Изменение способа выражения искусства совершается постепенно. Современное искусство при таком изменении часто шло ощупью. Многие спотыкались на этом пути. Артезианские воды, пробиваясь наружу, бьют грязью. Только потом солнце зажигает чистоту водного хрусталя миллионами рубинов. Не следует быть жестоким по отношению к тем, кто шел впереди. Ведь по их израненным телам мы идем. Благодарение и жалость! Да замолчит всякая хула! Ведь Ницше между ними. А то как бы наша рука, занесенная над страдальцем, не опустилась машинально, когда мертвенно-бледная, тернием увенчанная голова, с нависшими усами, с грозой в челе, вся озаренная, вдруг закивает укоризненно-горько — как бы эта голова не открыла глубокие очи, чтобы пронзить ясным взором обезумевшую душу. Как бы не сожгла нас багряница «Диониса распятого», как бы не растерзали ластящиеся к нему пантеры.
Следует доверчиво взглянуть на покойника, чтобы пантеры превратились в кротких кошек. А образ его так задумчиво-грустно взирает на нас из бессмертных далей. О детском счастии говорит нам его детский взор — о белом острове детей, омытом лазурью.
Тише! Это — священная могила.
2
Бриллиантовые узоры созвездий неподвижны в черном, мировом бреду, где все несется и где нет ничего, что есть. Земля кружится вокруг Солнца, мчащегося к созвездию Геркулеса! А куда мчится созвездие Геркулеса? — Сумасшедшая пляска бездонного мира.
Куда мы летим? Какие пространства пересечем, улетая? Летя, улетим ли? Кто полетит нам навстречу?
И то тут, то там, подтверждая странные мысли, золотые точки зажигаются в небесах; зажигаются, сгорают в эфирно-воздушных складках земной фаты. Зажигаются, тухнут — и летят, и летят прочь от земли сквозь бездонные страны небытия, чтобы снова через миллионы лет загореться. Хочется крикнуть минутным знакомым: «Здравствуйте!.. Куда летите?.. Поклонитесь Вечности!..» Все это совершается в недосягаемых высях. Скользнувшая в небе искра не оборвет нити разговора.

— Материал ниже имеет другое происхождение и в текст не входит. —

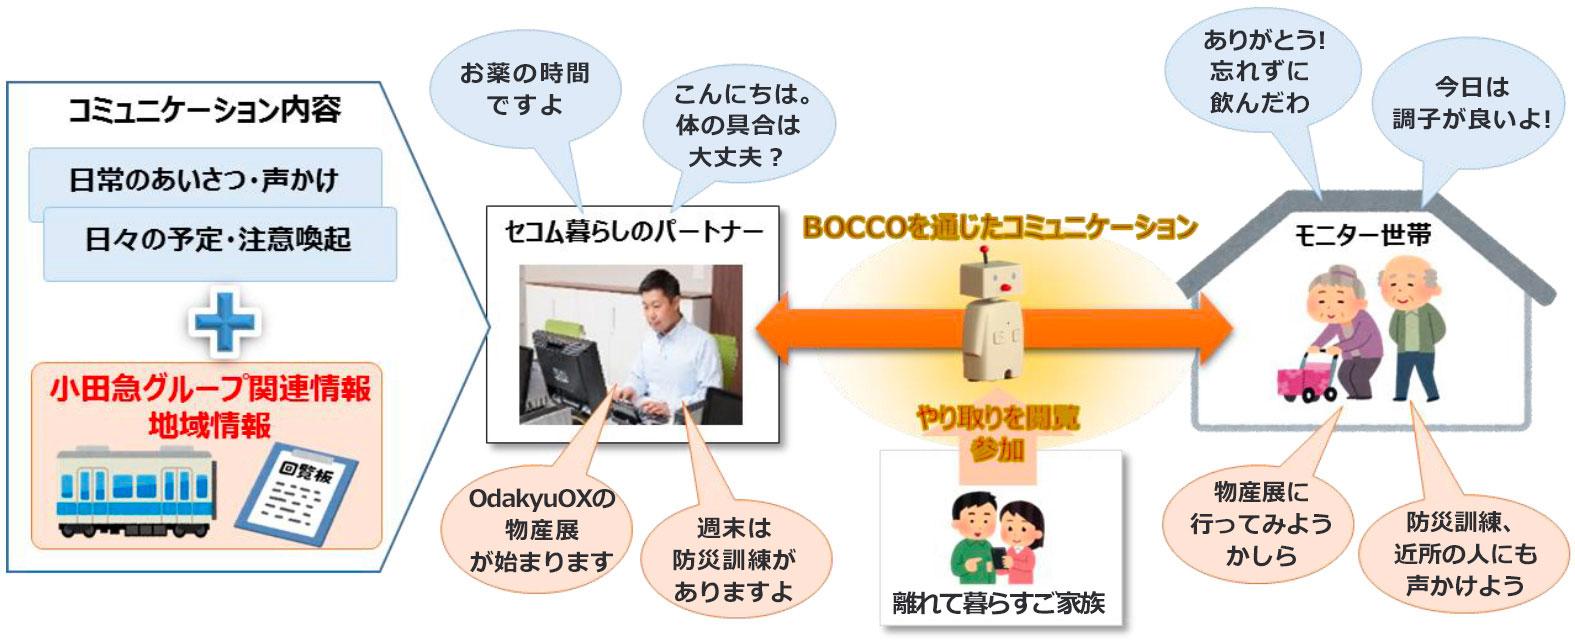 コミュニケーションロボット「BOCCO」
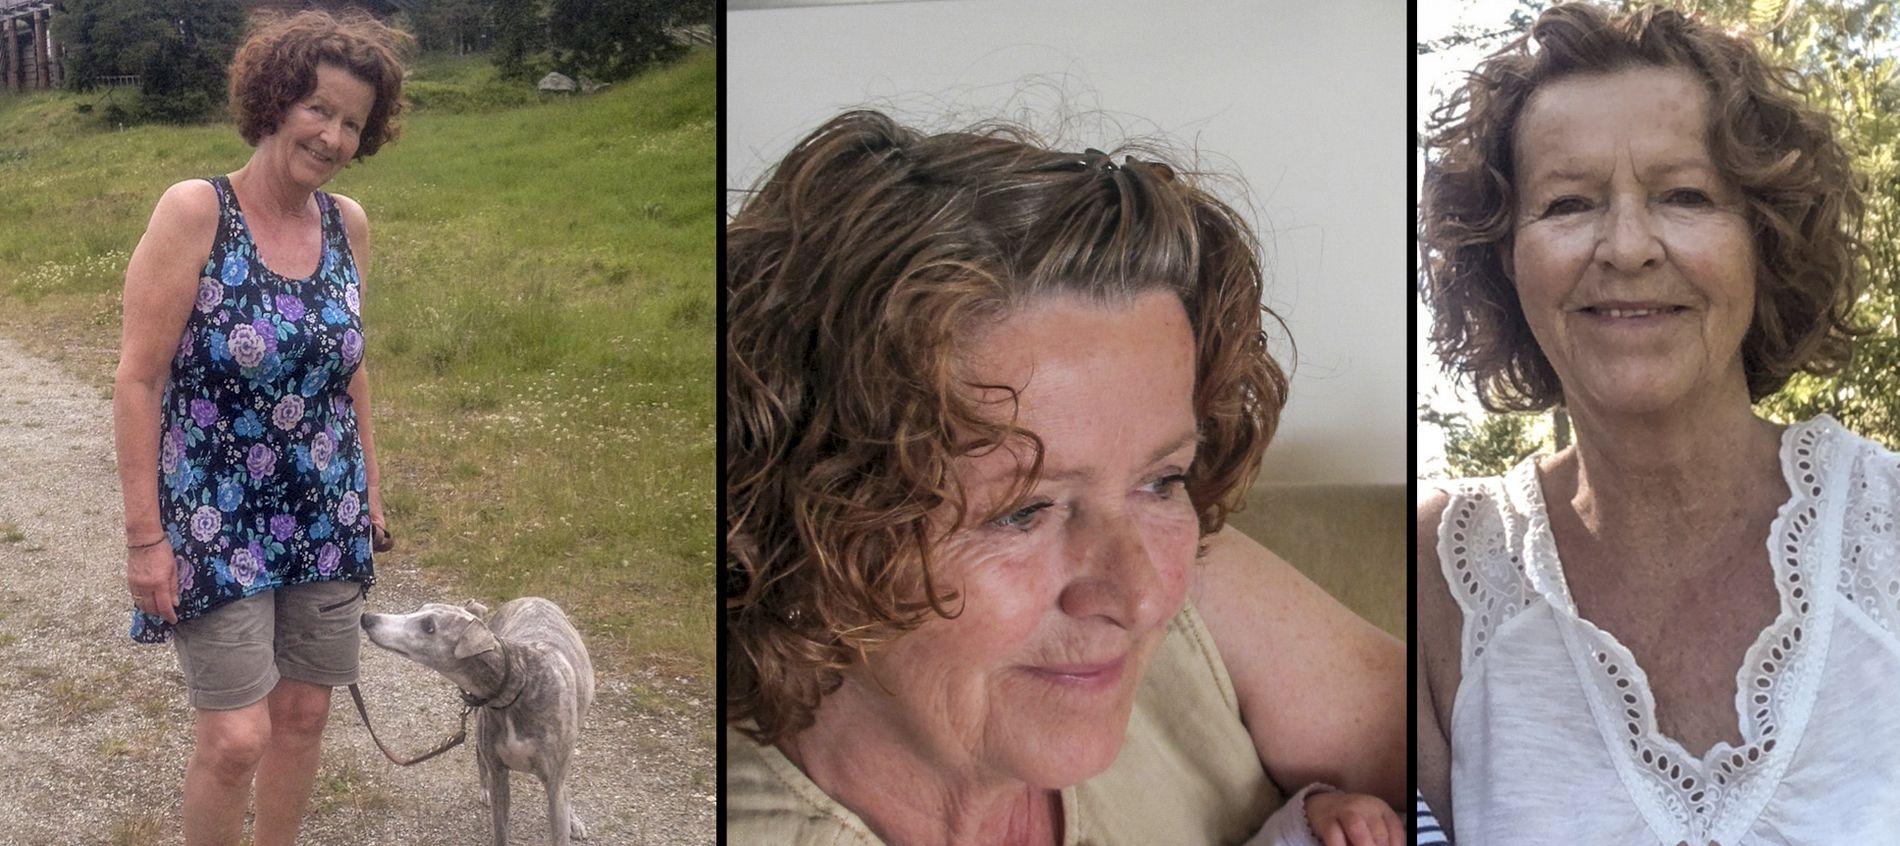 FORSVUNNET: Politiets hovedhypotese er at Anne-Elisabeth Hagen (68) ble bortført av ukjente gjerningsmenn fra sitt hjem den 31. oktober i fjor.

Невольный вздох, может быть, вырвавшийся из груди, — он один обнаружит, что душа не забыла, во что погружены картонные плоскости бытия.
Но когда молния сверкнет на безоблачном небе и над головой ужаснувшихся повиснет яркая пунцовая звезда, озарив огненным бредом побледневших, и потом тихо скользнет в сторону, рассыпая брызги искр, общий крик: «Метеор!.. Так низко!..» — оборвет все нити разговора. Все чувствуют, что слишком близко совершилось вторжение Вечности, слишком ничтожны перед нею наши устои, способные лишь до времени укрыть глубину… Разговор возобновится, но все станут задумчивей.
Ницше был таким метеором. Он принес глубину из бессмертных далей. И хотя дружная брань не умолкла над ушедшим в Вечность, мы все после него как-то серьезнее. Нет в нас прежней близорукой наивности. Ведь если сегодня так близко от нас промчался заряд вечного огня, ничто не предохранит нас от вечных опасностей. Какая-то неизгладимая новая черта осталась у людей после мудрого Ницше.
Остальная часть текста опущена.